Поскольку реальность - это хтон настолько же, насколько и гея, мы создаем кубок для души и внутренне укрепляем его, углубляясь. Земля является направленным вниз элементом, и достигнуть ее можно только через глубины. Фрейд отмечал, что каждый сон раскрывается на неизмеримую глубину. Хотя он и мучительно щепетильно пытается интерпретировать каждый момент каждого сновидения, он, тем не менее, дважды говорит в "Толковании снов" (ID, 525): "... в ходе труда по толкованию мы помним ... что есть в сновидениях сплетения мыслей, которые невозможно распутать.... Это есть центр, навель сновидения, точка, в которой оно касается неизвестных глубин".

Ядро сновидения, из которого сновидение вырастает "как гриб из своего мицелия", указывает Фрейд, используя этот образ сырой плодородной земли, остается непознанным. Мы бы предположили, что это отверстие, ведущее в подземный мир, соприкосновение с Гадесом, тот просвет, о котором Гераклит говорил как о царстве психеи, чистая глубина. Это омфал (навель, пупок) психического мира. Царская дорога сновидений ведет в эту точку. Поиск сходств с миром дня вполне очевидно является ложным путем.
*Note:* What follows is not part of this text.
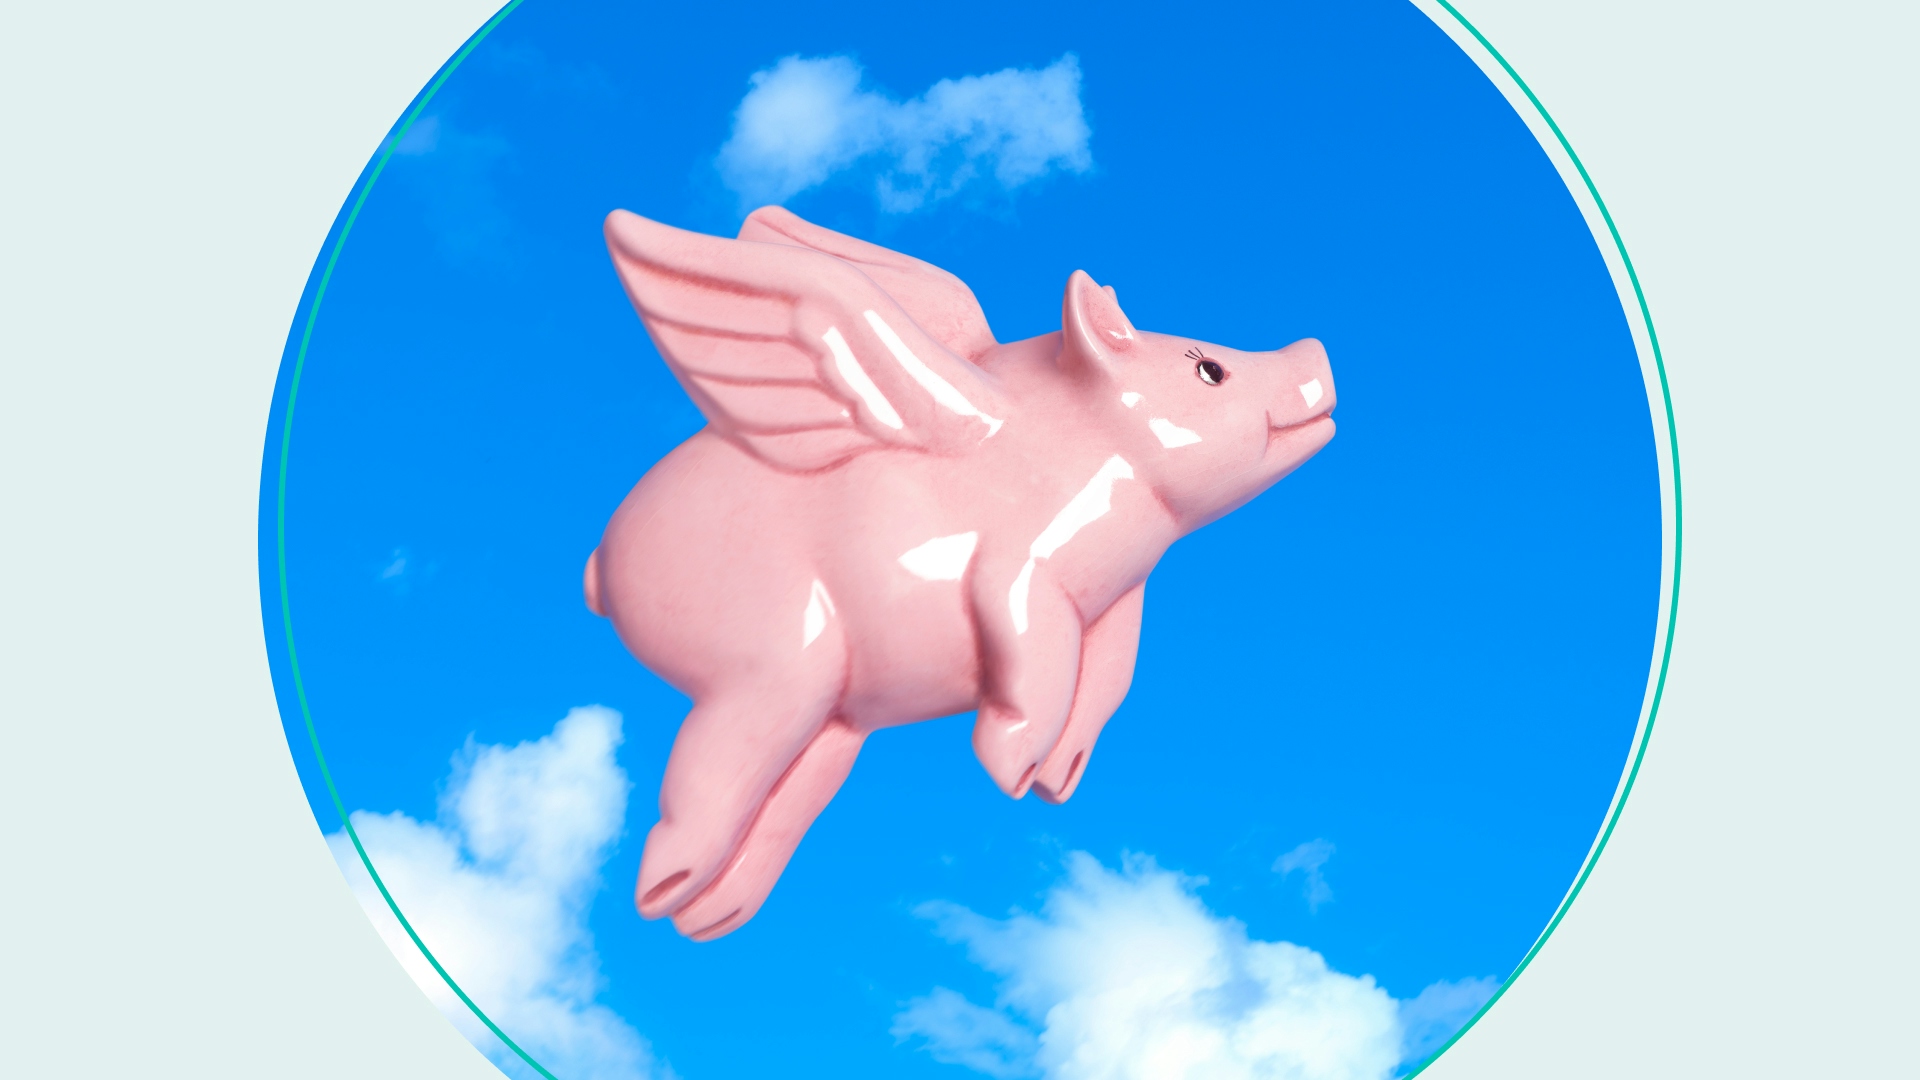 flying pig against blue sky, idiom expressing irony
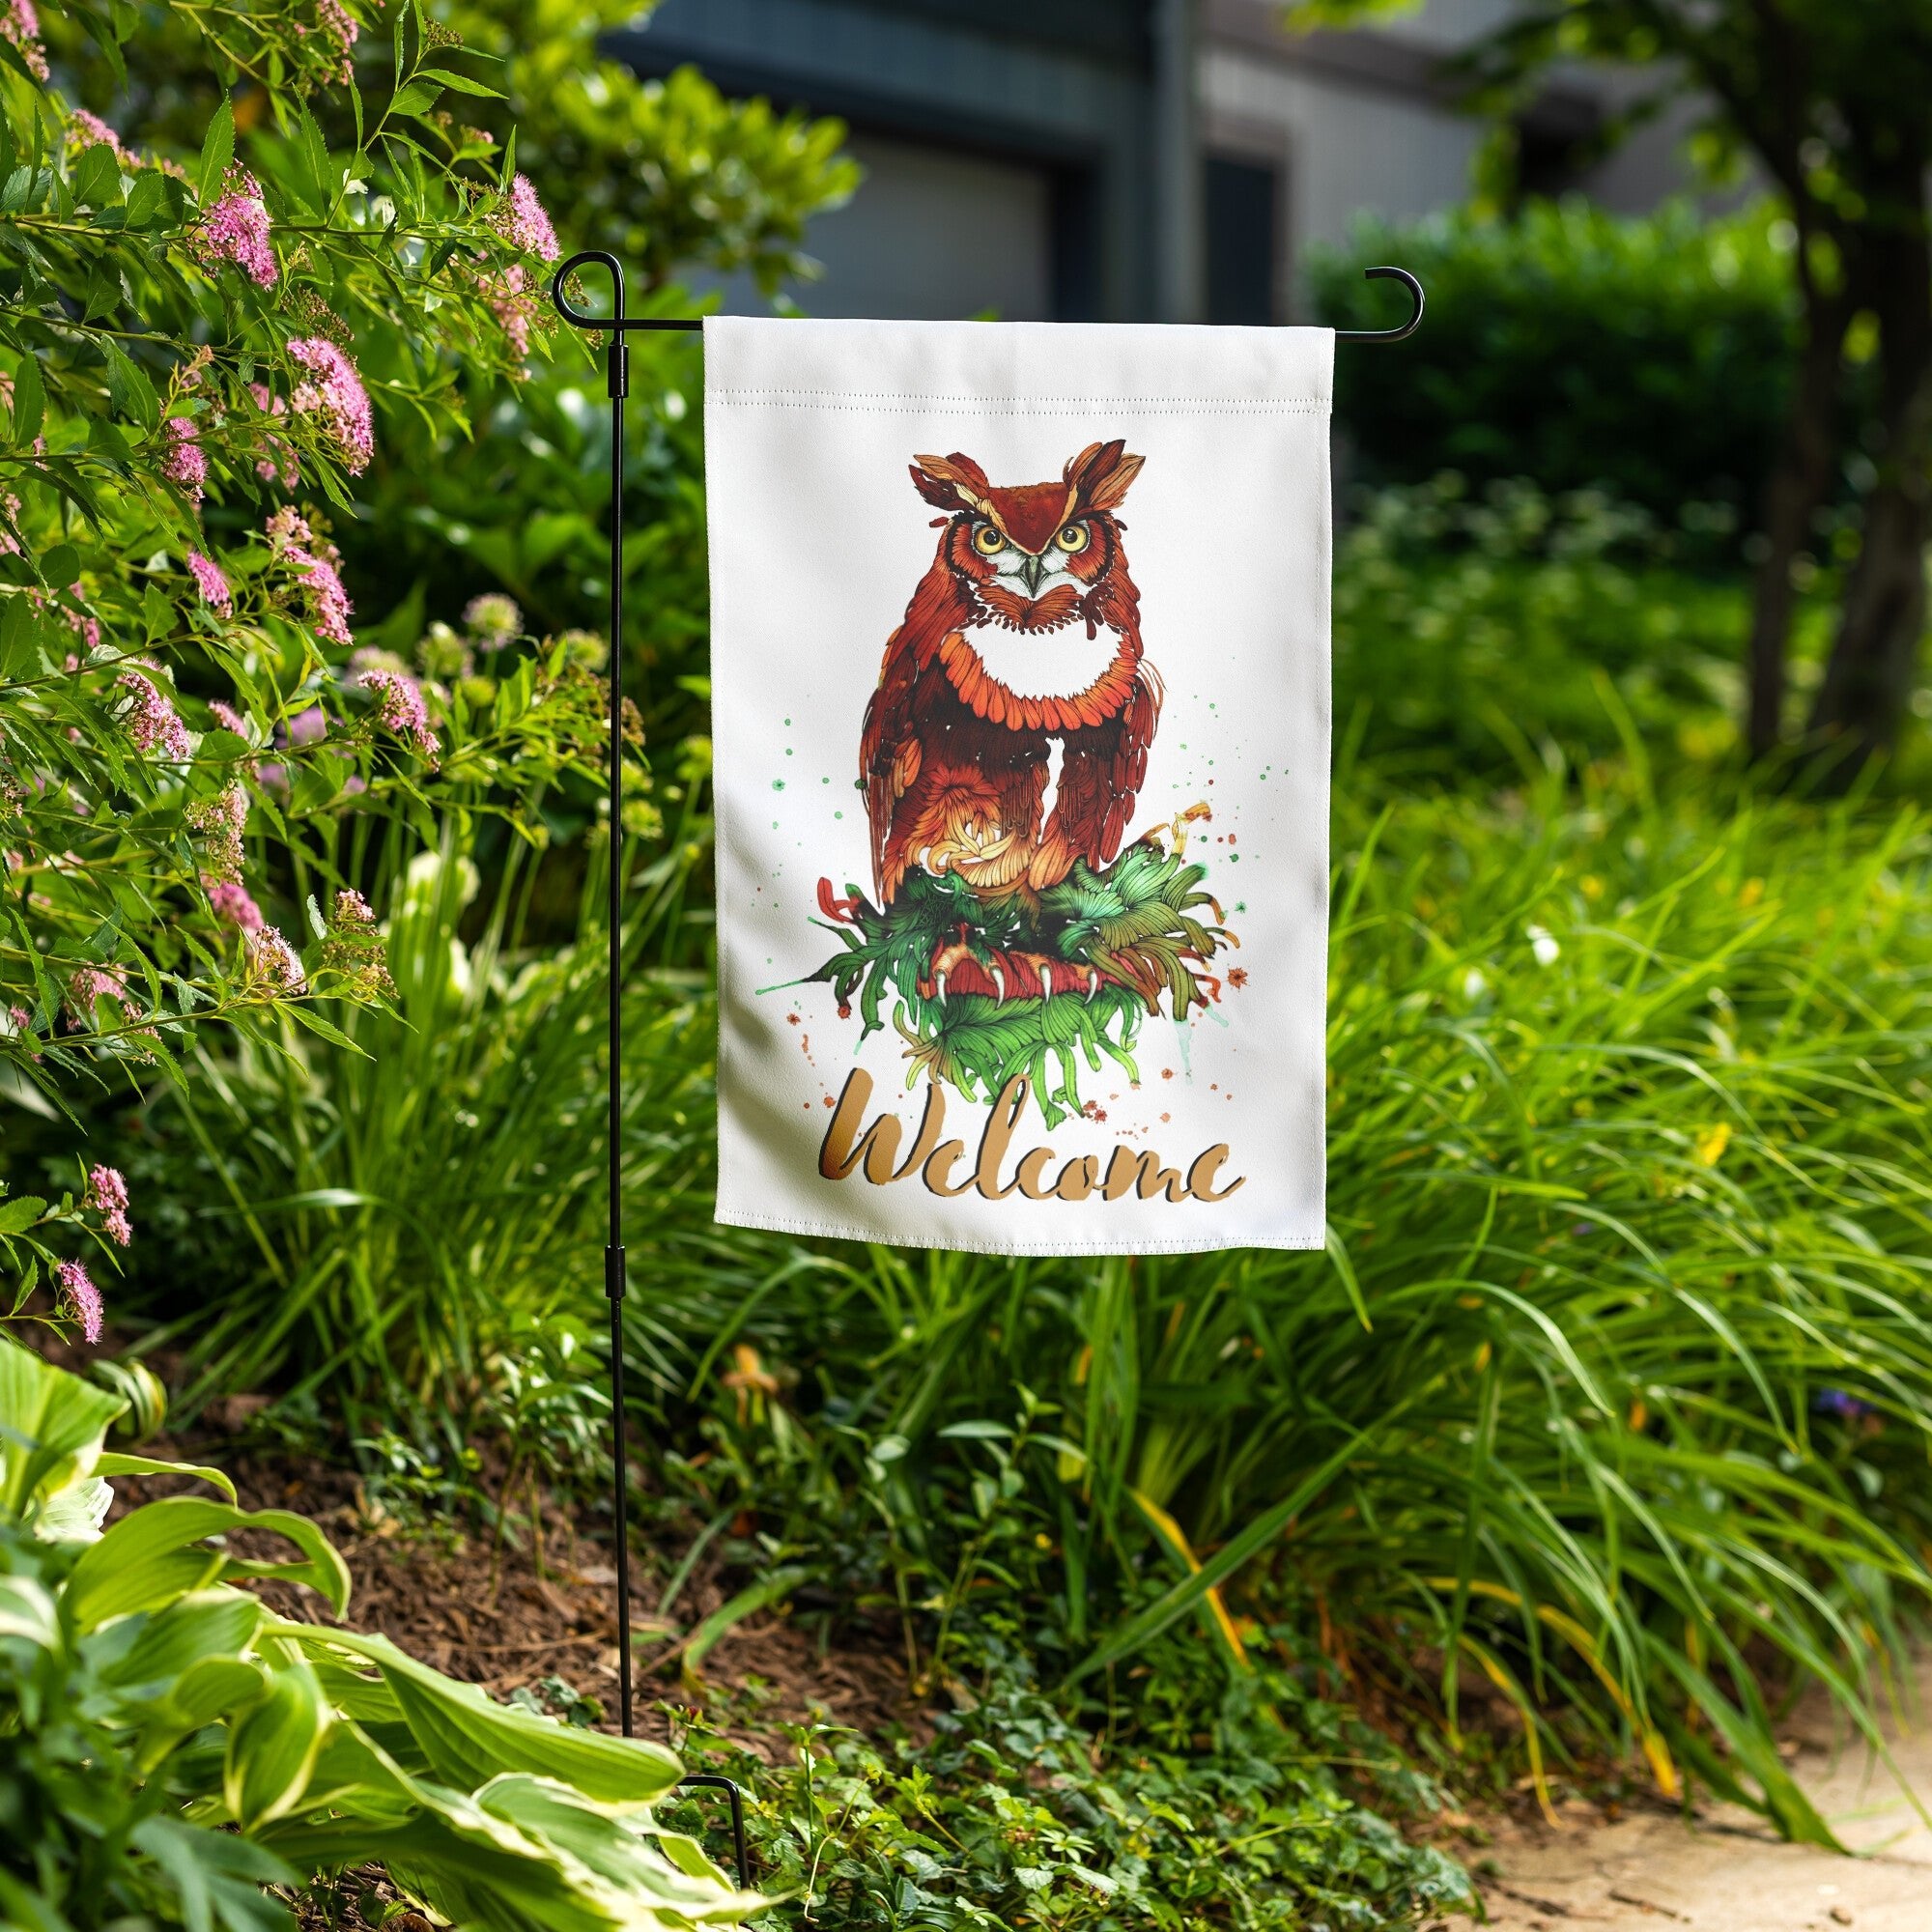 Welcome Owl Garden Banner in yard

То, что я говорю о подземном мире и моё убеждение, что следует сохранять восприятие сновидения как феномена подземного царства - всё для того, чтобы сохранить цельность сновидения. То, что мы выносим из сновидений, польза, извлекаемая из сновидений, то, что приходит к нам в сновидении - всё лежит на поверхности. Глубина является незримой связью; она нашими руками творит незаметные связи там, где мы не можем их видеть, в глубине нашего тела ночи, проникая, собирая и дифференцируя, удаляя чуждое, перемешивая, сбивая, замешивая - и этого и состоит работа над сновидениями. Мы постоянно выполняем тонкую работу, но над невидимым, двойственным, движущимся материалом. Здесь то, что мы знаем о жизни, относительно вторично. Наше знание этих полей подобно сновидению, мифологической реальности где всё также является четким, но двойственным, видимым только нашему воображению, где все образы вложены одна в другую.

Кроме того, созидательная работа воображения в то же время является разрушительной, деструктивной. Любое приближение к подземному миру возможно только через Стикс, преодолевая его холод и ненависть. Это неизбежно, и это невозможно поэтизировать. Каждое правильное движение в этом мире ночи убивает то, чего касается. Мы сталкиваемся с плотными, сопротивляющимися местами, в которые проникаем посредством откровения, откровения, которое шокирует и отдает смертью. Мы проникаем взглядом в то, что сцеплено с нами и с чем мы жили. Работа со сновидениями тяжела для врача и плохо приемлется пациентом. Похоже, мы не можем выполнить её самостоятельно. Быть может, потому что мы никак не можем увидеть себя в бессознательном состоянии, но скорее, быть может, потому, что мы в основе своей сопротивляемся разрушению, подразумеваемому работой со сновидениями, при котором уничтожаются привязанности, открывая застывшие бездны. Царица подземного царства - Персефона. И имя её значит "приносящая разрушение"105.

105 Р. Грейвз, "The Greek Myths" ("Греческие мифы", ч.2, Хармондсворт: Pelioan, 1967, стр. 404.